**The problem**
Write out exactly the lines below starting at the one containing "T-Shirts Vintage Royal" and ending at the one containing "Jennifer Lopez Shows". Omit every picture.

**Data excerpts**
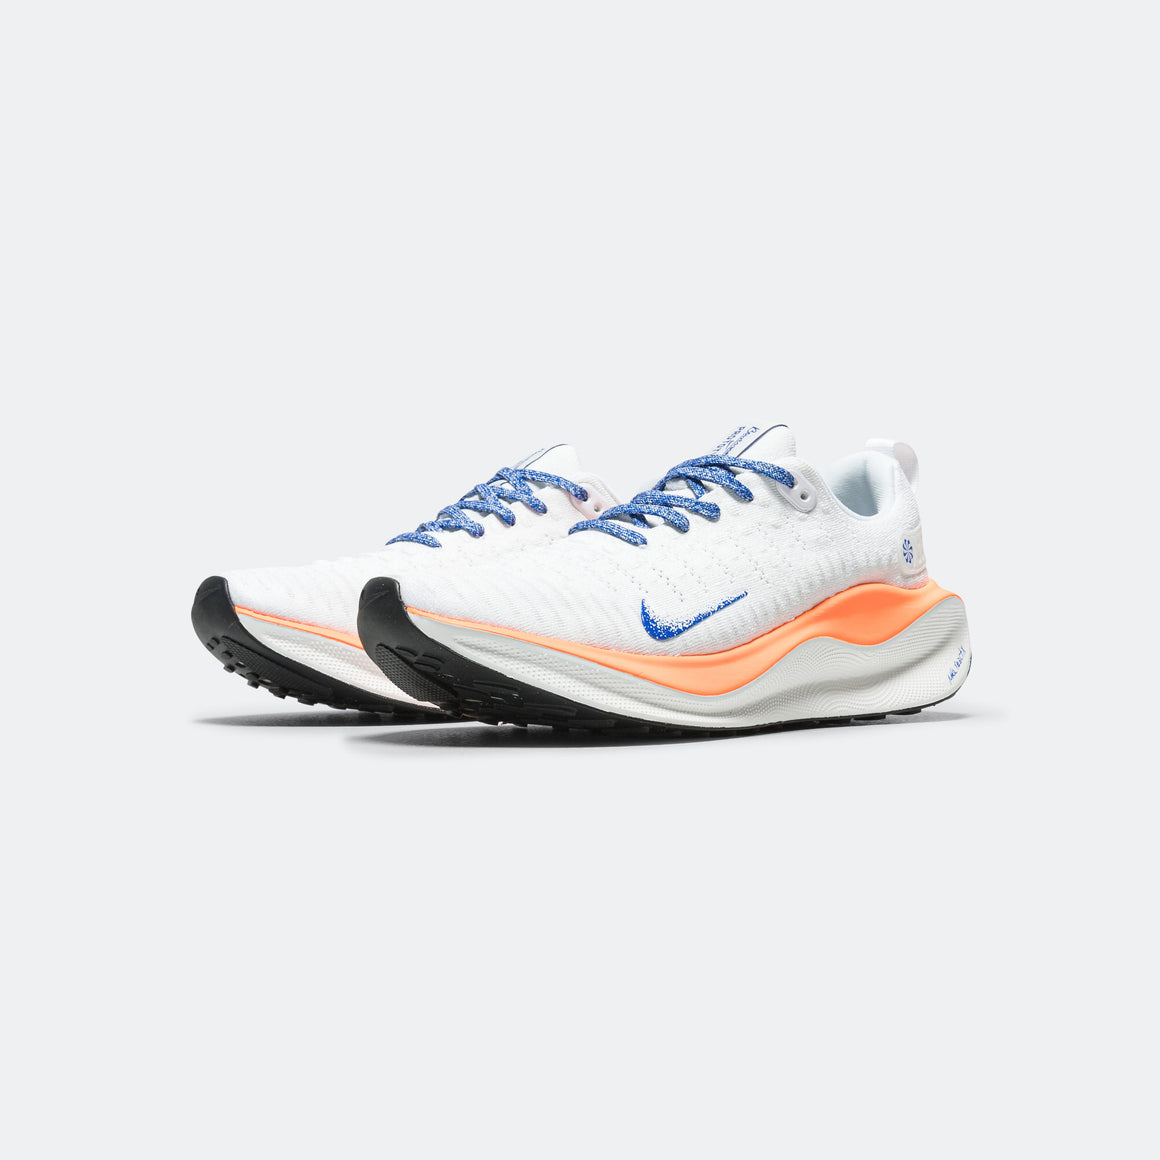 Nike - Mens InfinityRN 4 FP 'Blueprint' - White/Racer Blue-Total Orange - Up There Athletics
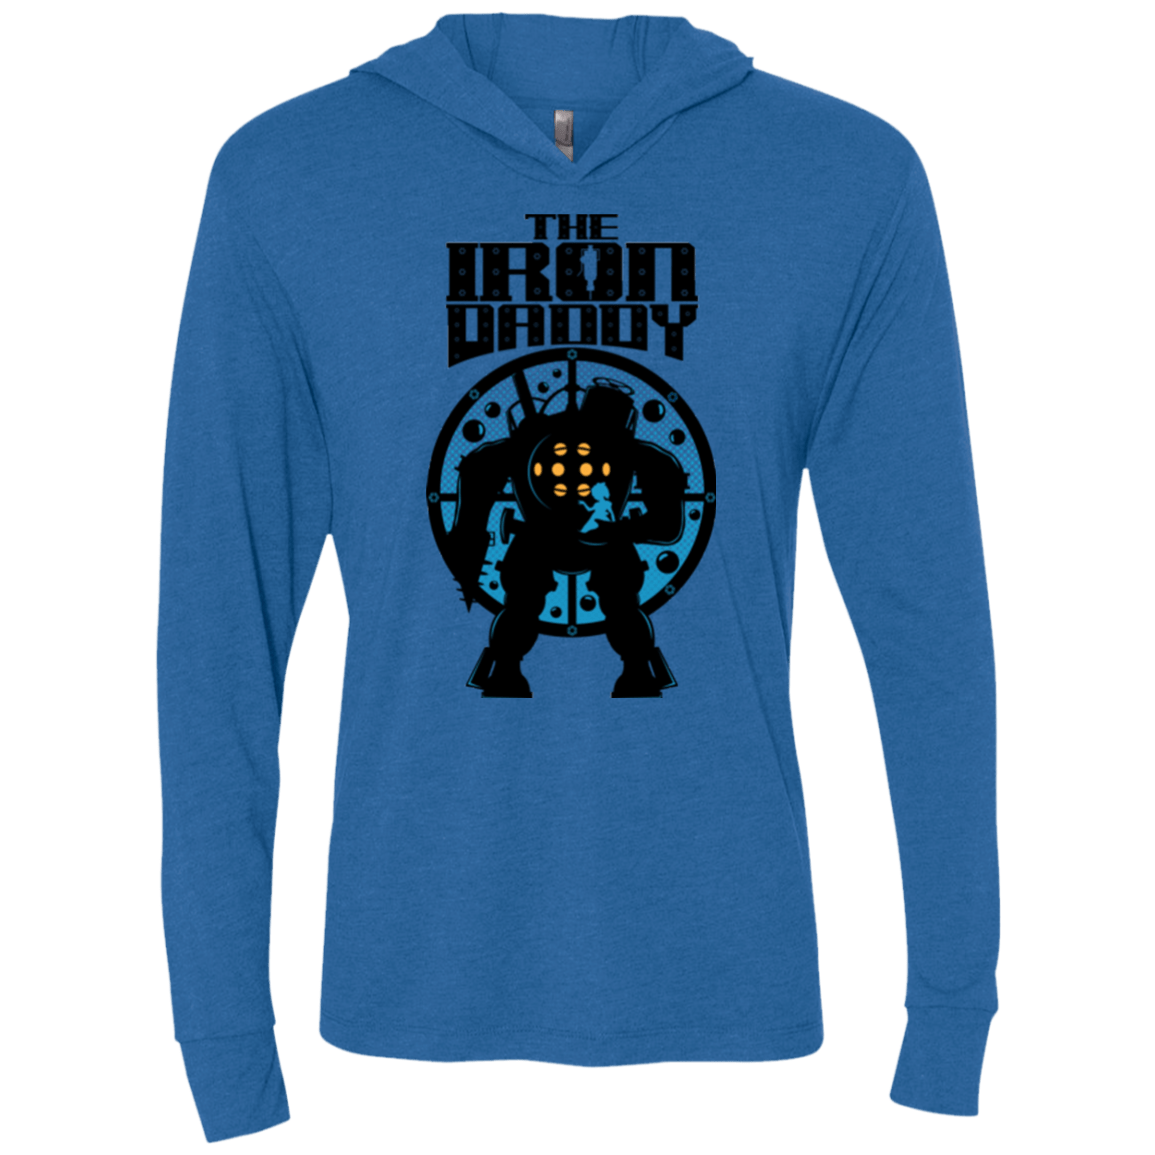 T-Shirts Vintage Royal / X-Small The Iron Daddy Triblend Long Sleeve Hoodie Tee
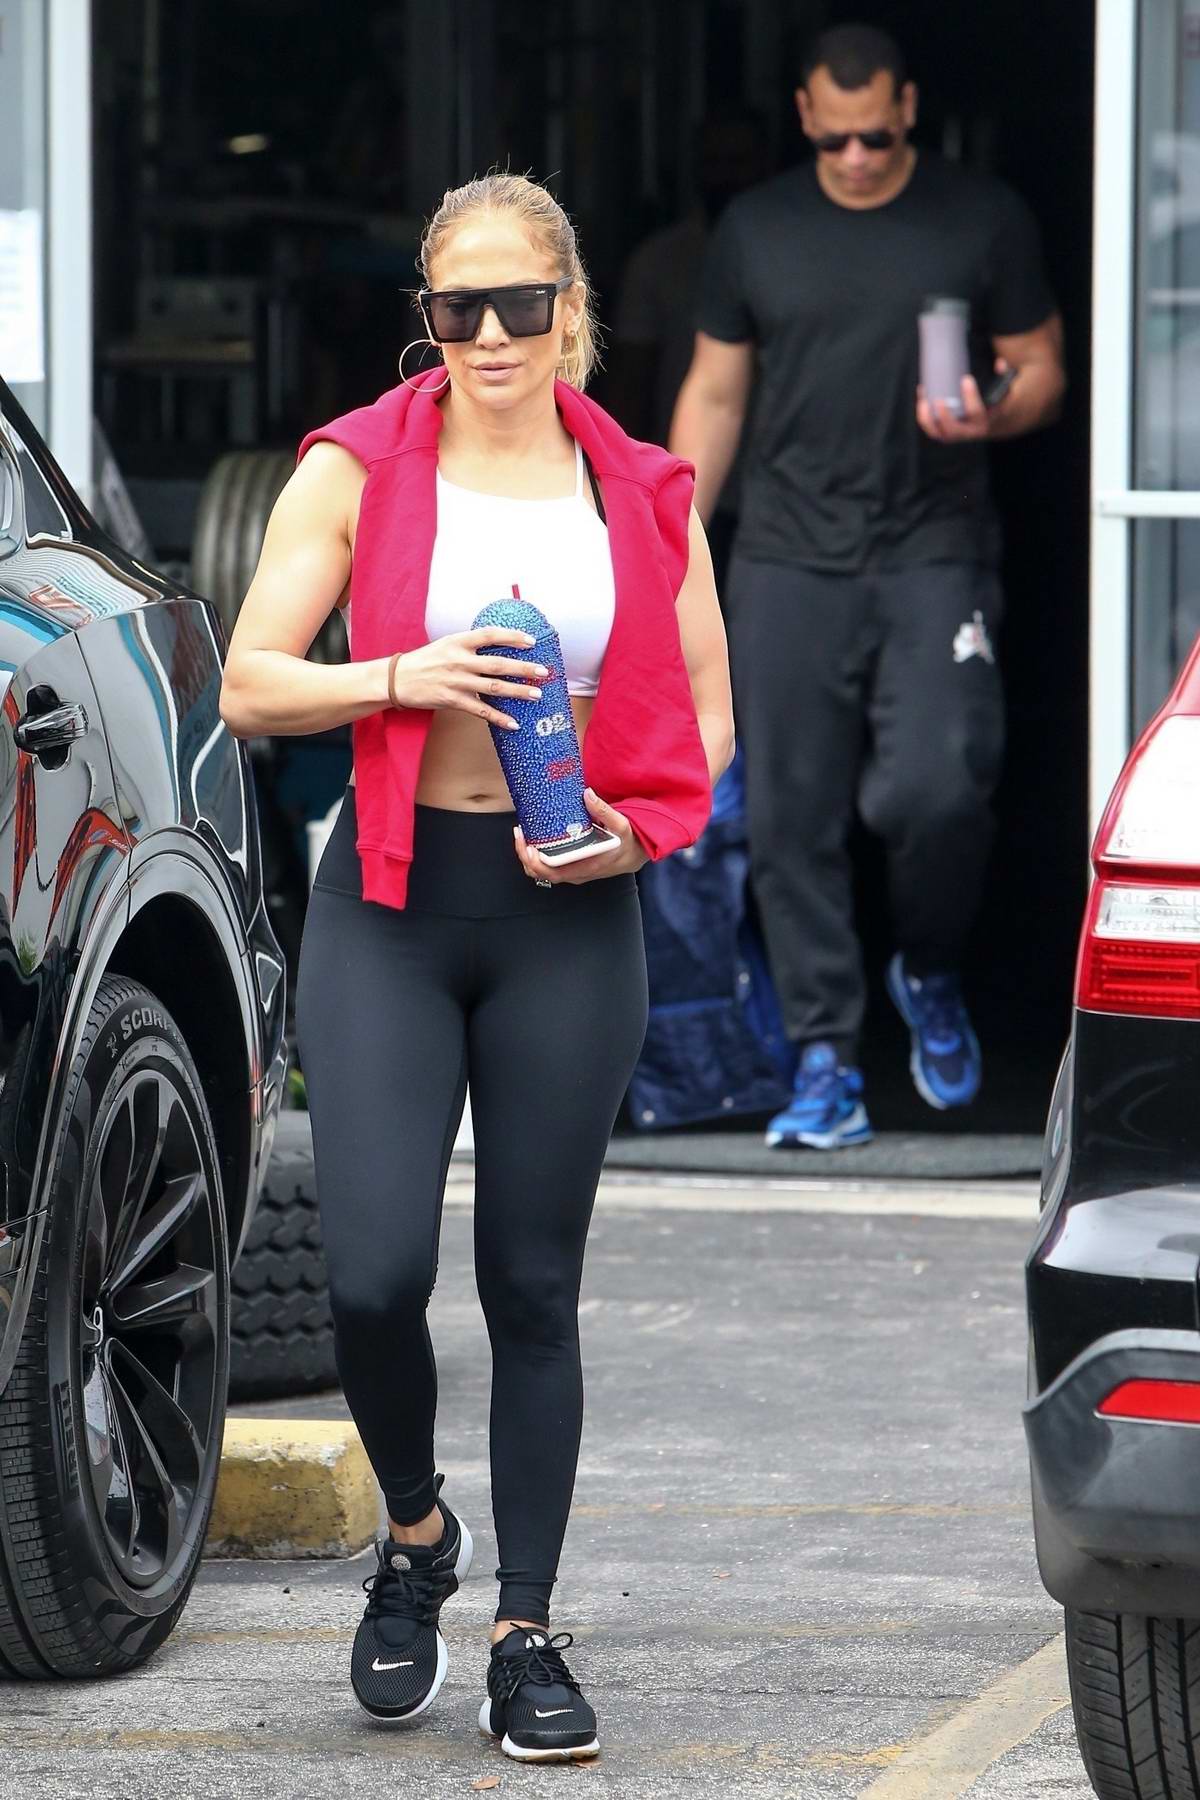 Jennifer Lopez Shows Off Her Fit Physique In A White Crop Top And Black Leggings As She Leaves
==
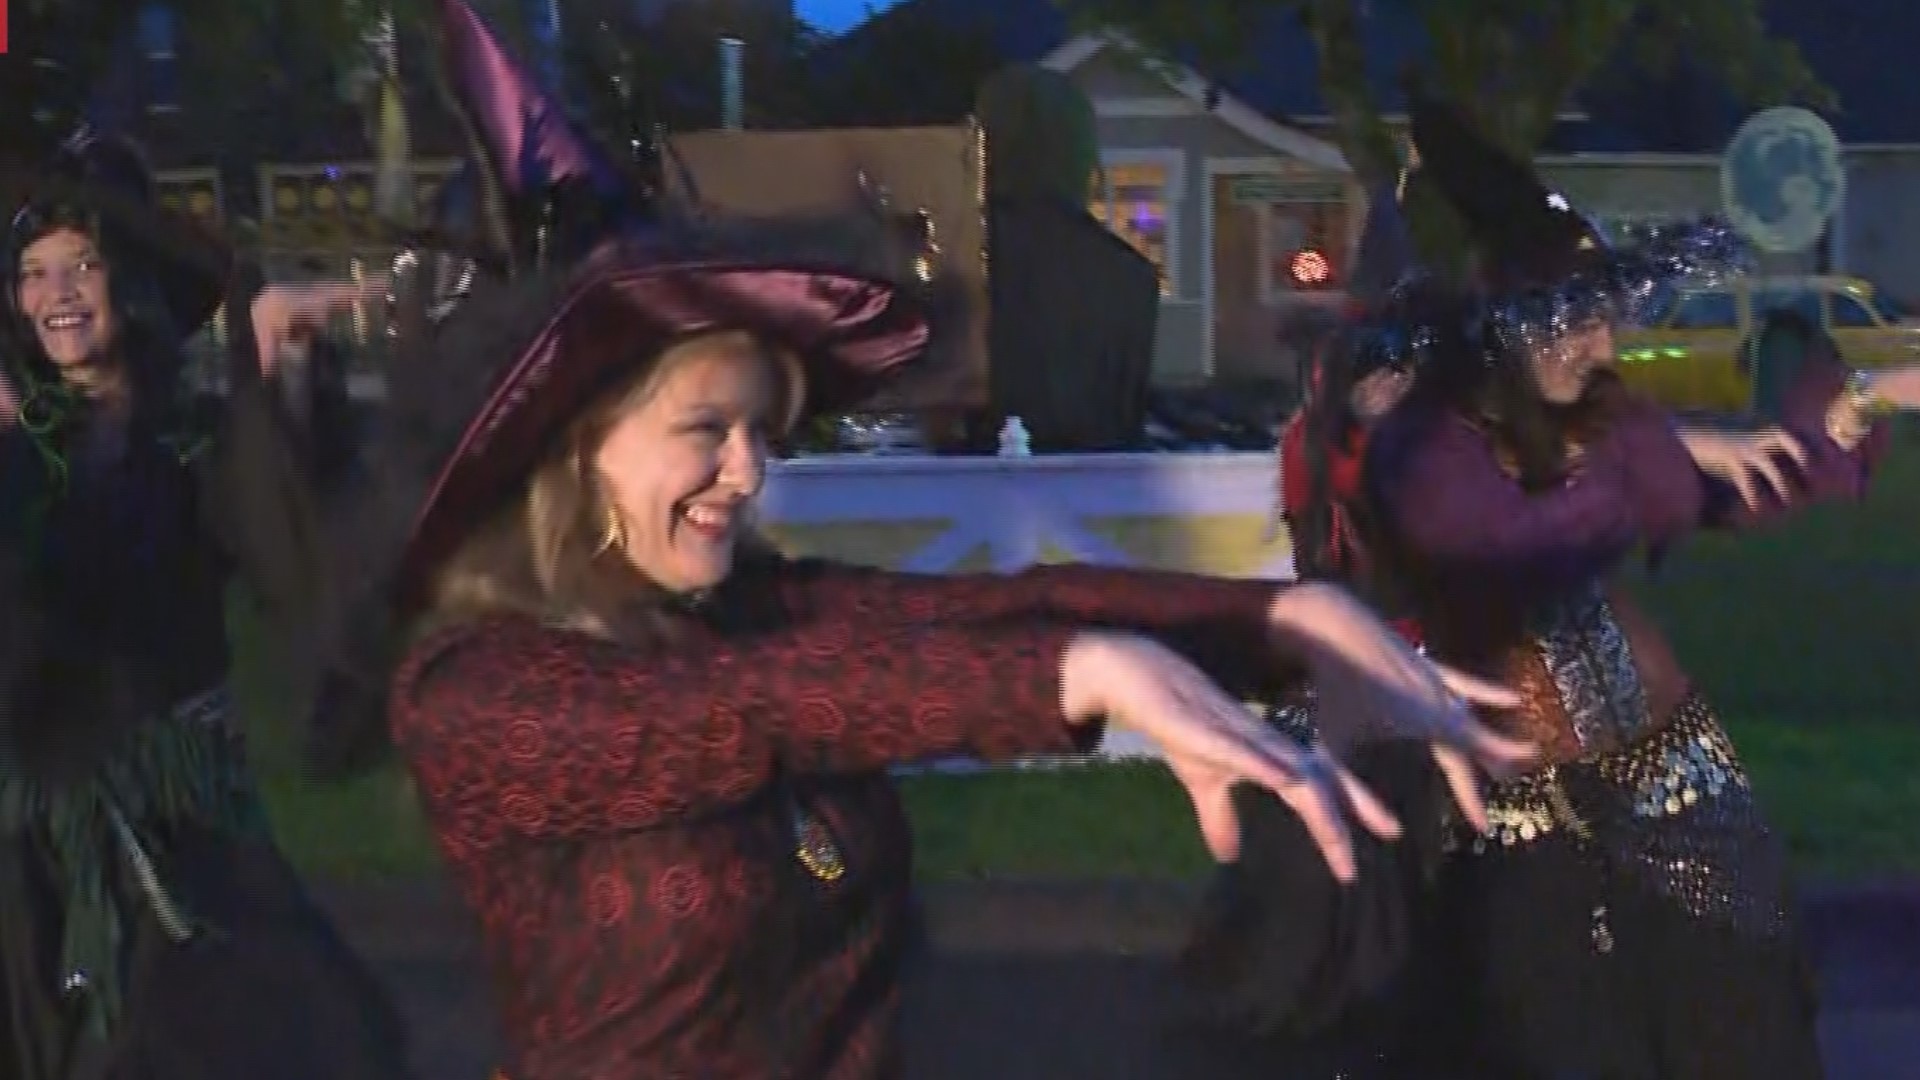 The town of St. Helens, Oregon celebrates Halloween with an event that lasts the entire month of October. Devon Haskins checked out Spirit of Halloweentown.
--
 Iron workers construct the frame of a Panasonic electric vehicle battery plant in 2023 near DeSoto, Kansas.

**Result**
 T-Shirts Vintage Royal / X-Small The Iron Daddy Triblend Long Sleeve Hoodie Tee
 Jennifer Lopez Shows Off Her Fit Physique In A White Crop Top And Black Leggings As She Leaves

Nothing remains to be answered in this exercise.